Mindfulness is certainly in the news. I get Google Alerts on the subject, and every day, a long listing of articles comes to my inbox.
We have mindfulness coloring books, apps. We are told that mindfulness can help us lose weight, cure depression, assist us in concentration, productivity, and profit, and teach children to learn better.
The above claims are probably potentially true, but I see a danger—actually, several dangers—in what appears to be a growing mindfulness craze.
“Girlfriend left you? Try a little mindfulness.”
“Need a better job? Meditate for success.”
“Kids bothering you? Send them to mindfulness school.”
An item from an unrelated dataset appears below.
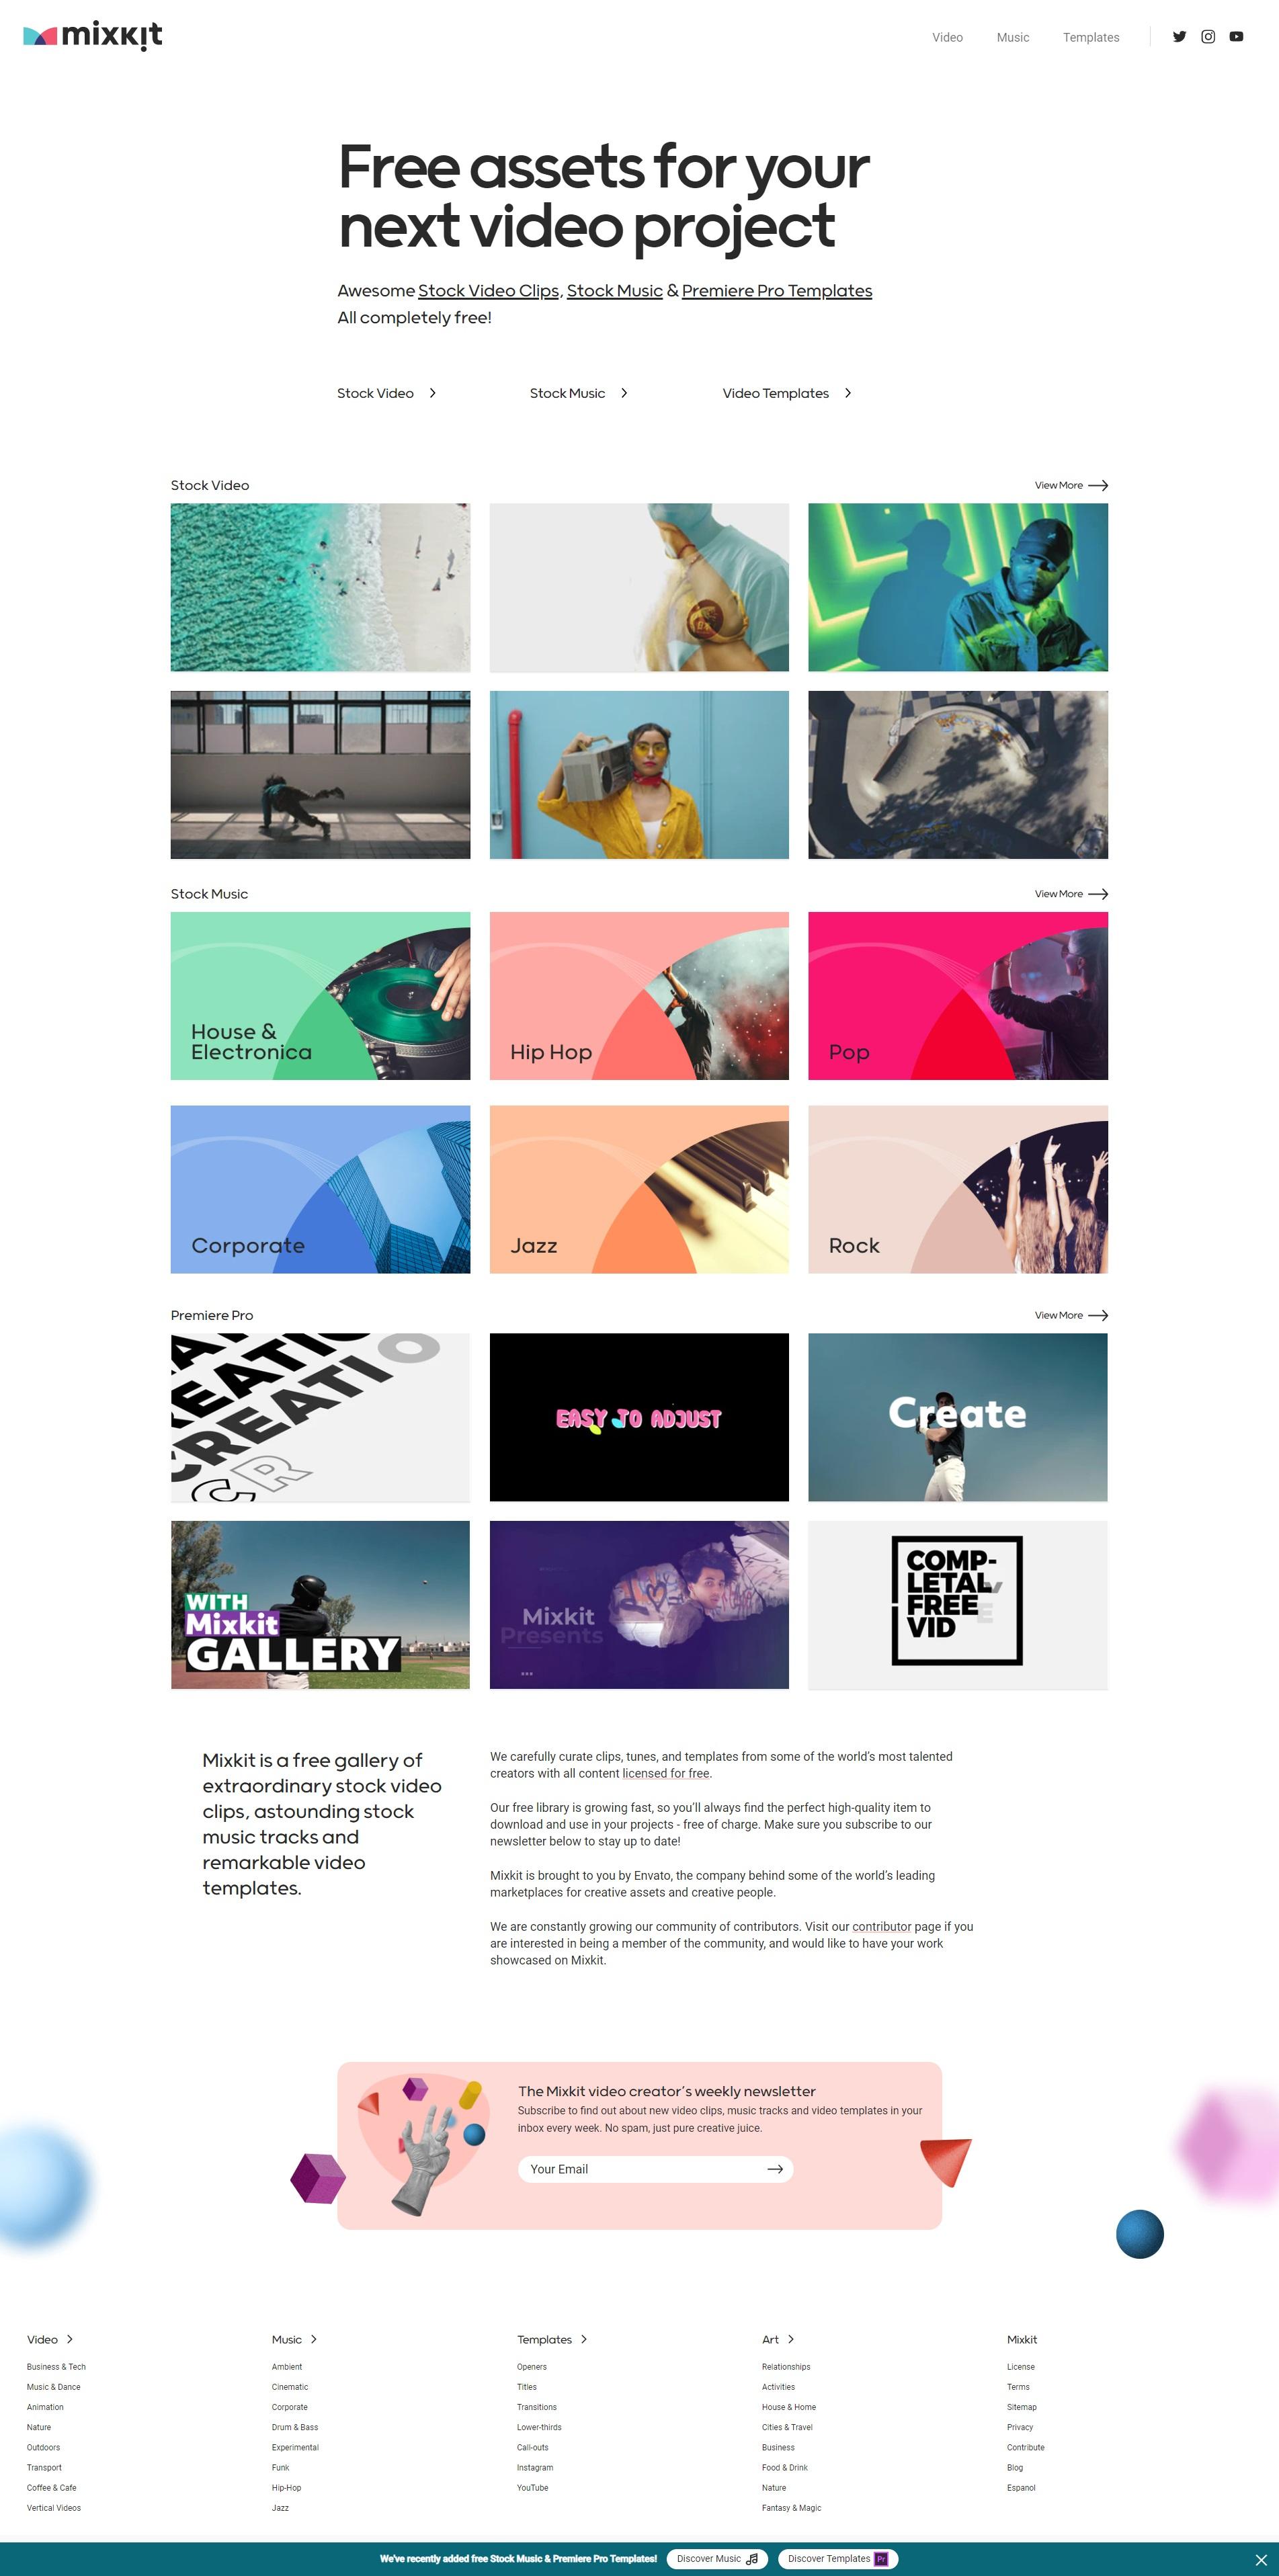 Mixkit - 免费无版权视频素材下载网站

People are beginning to see mindfulness as a cure-all, just as other segments of the population see pharmaceutical drugs. Given a choice, I’d prefer that parents send their kids to mindfulness school rather than drug them up. What makes me nervous is the possibility that it will be seen as a quick fix.
Since it isn’t, people will become disappointed and check it off as one more New Age hype that didn’t deliver.
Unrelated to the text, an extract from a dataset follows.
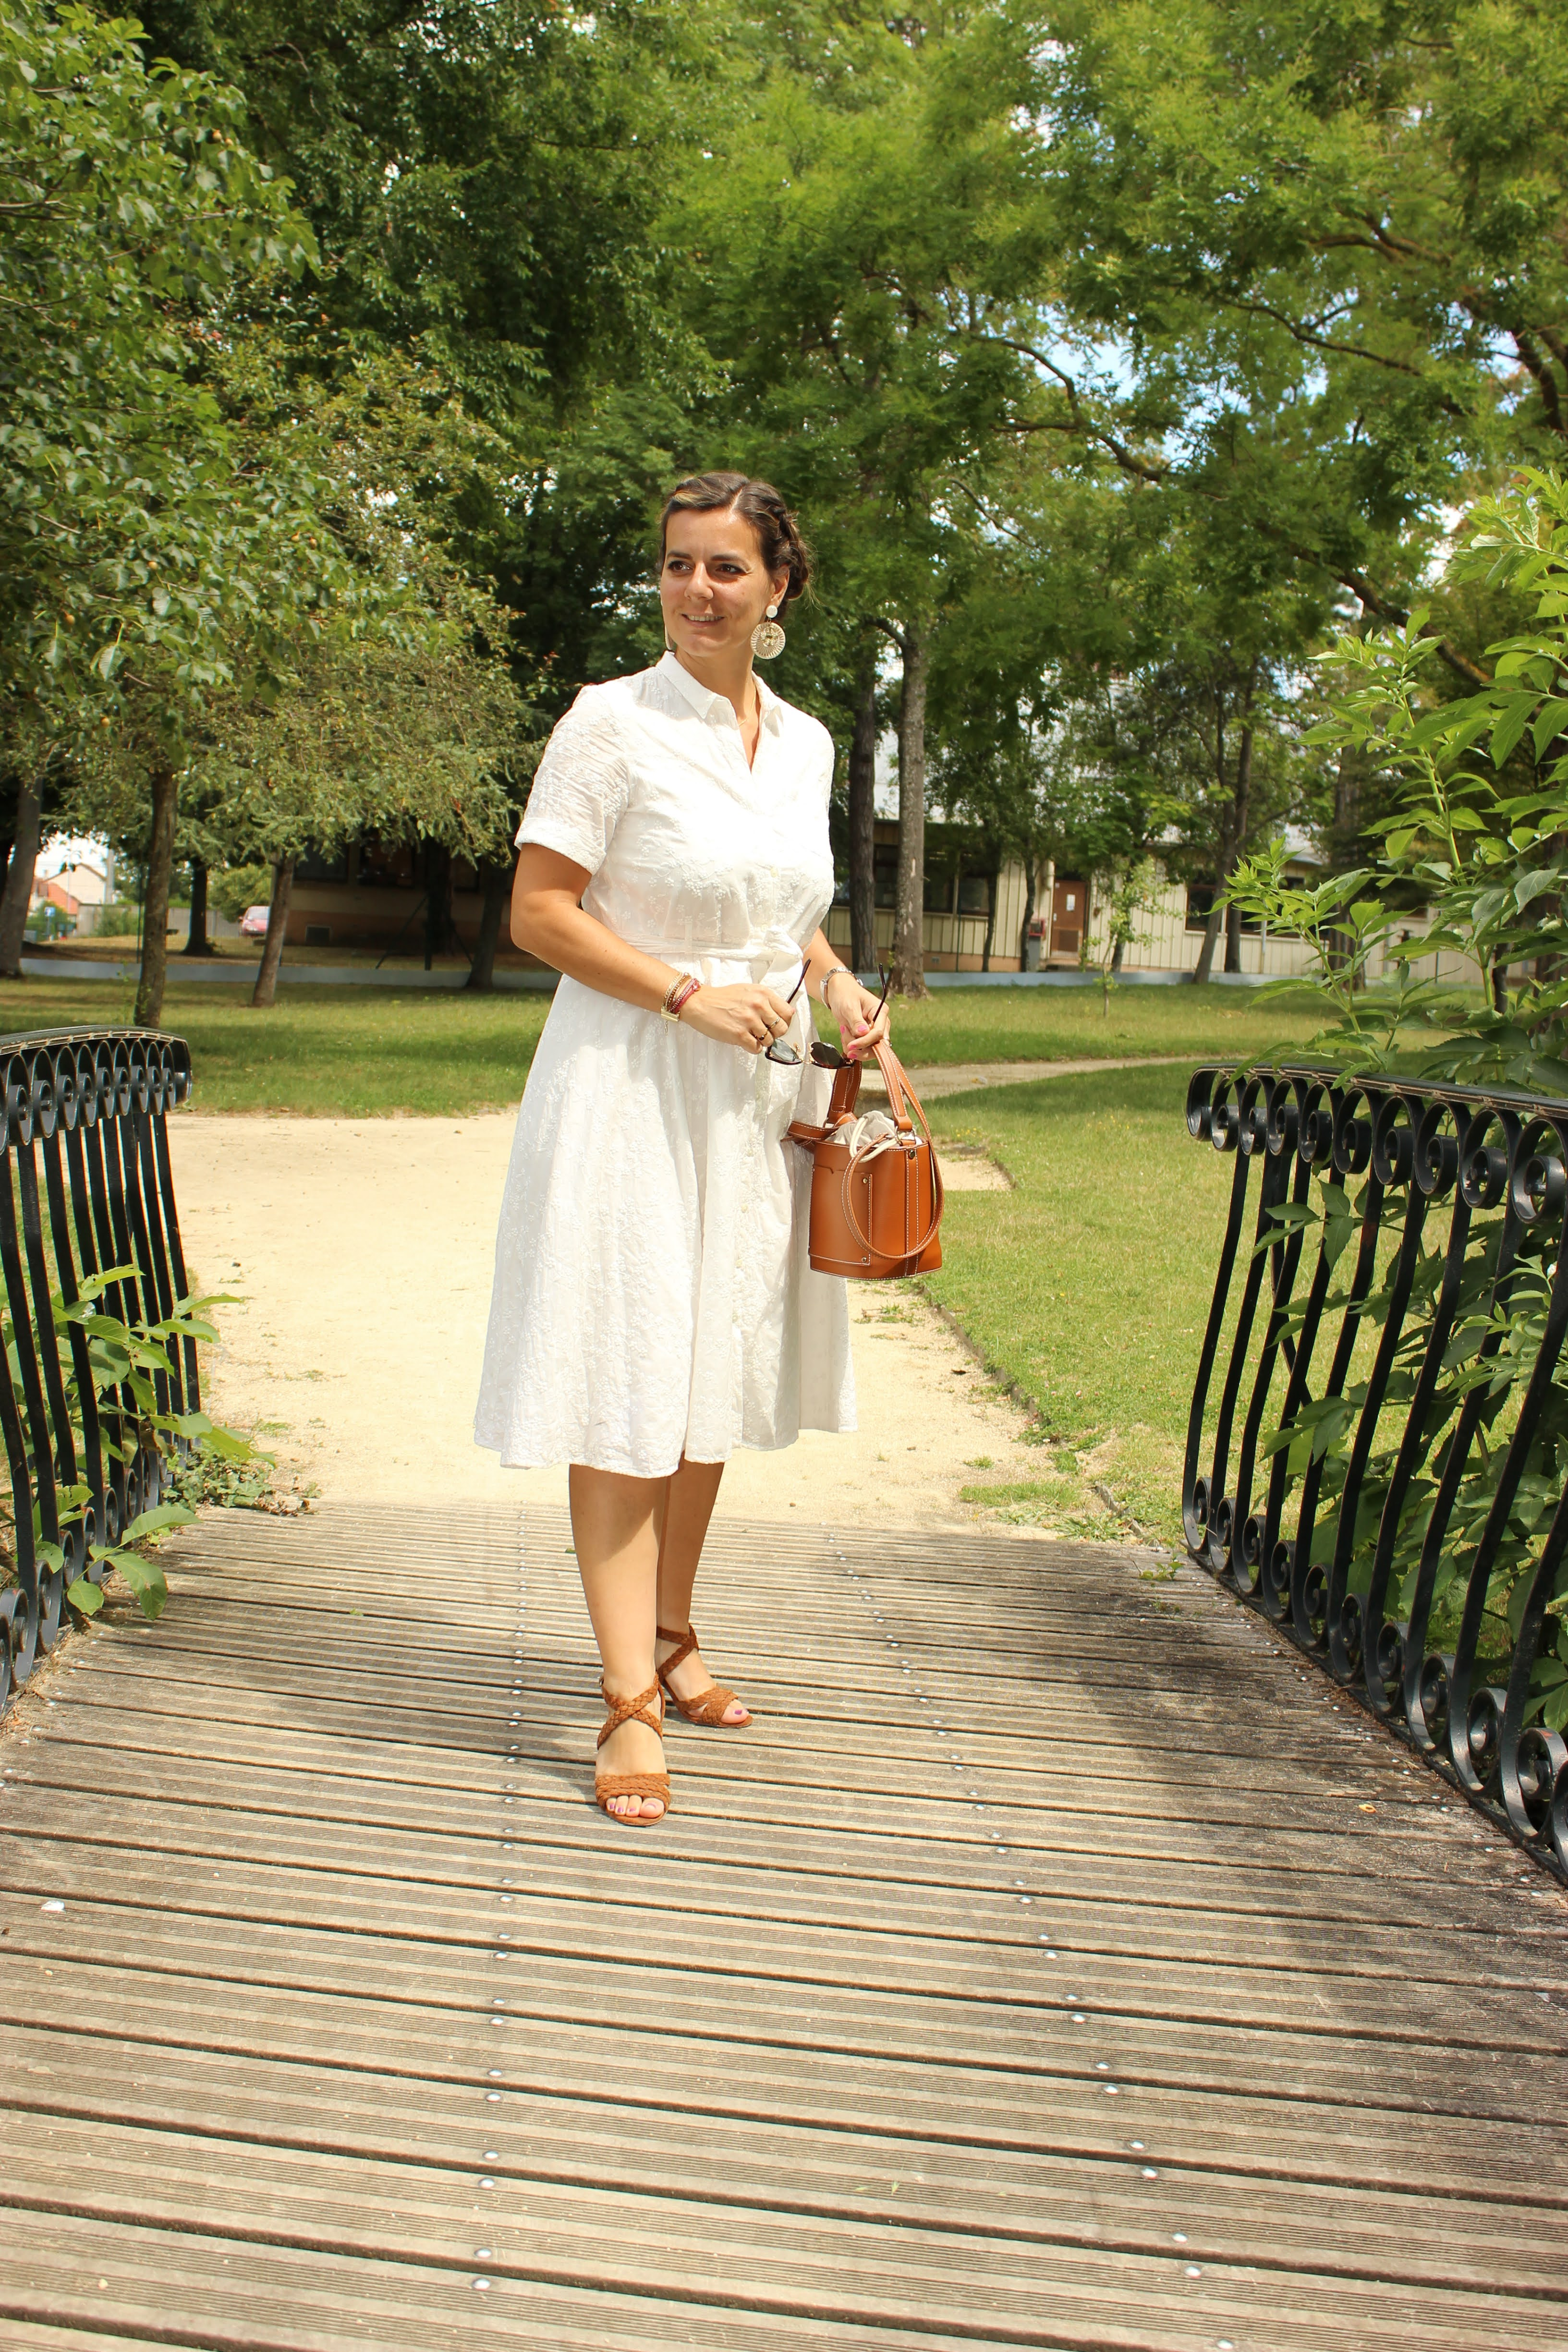 Robe blanche sézane, summer look, les petites bulles de ma vie

This would be unfortunate, since mindfulness does have so much to offer anyone who approaches it in a different way. Instead of thinking, “I will do this thing in order to achieve X,” we do better to say, “I choose to live my life this way because each mindful moment and act gives its own reward.” Not tomorrow, not next month when you look at your stock dividends or your kid’s report card, but NOW.
Because mindfulness is about now. When it’s practiced that way, it will never disappoint. When it’s seen as a means to an end, disappointment is inevitable.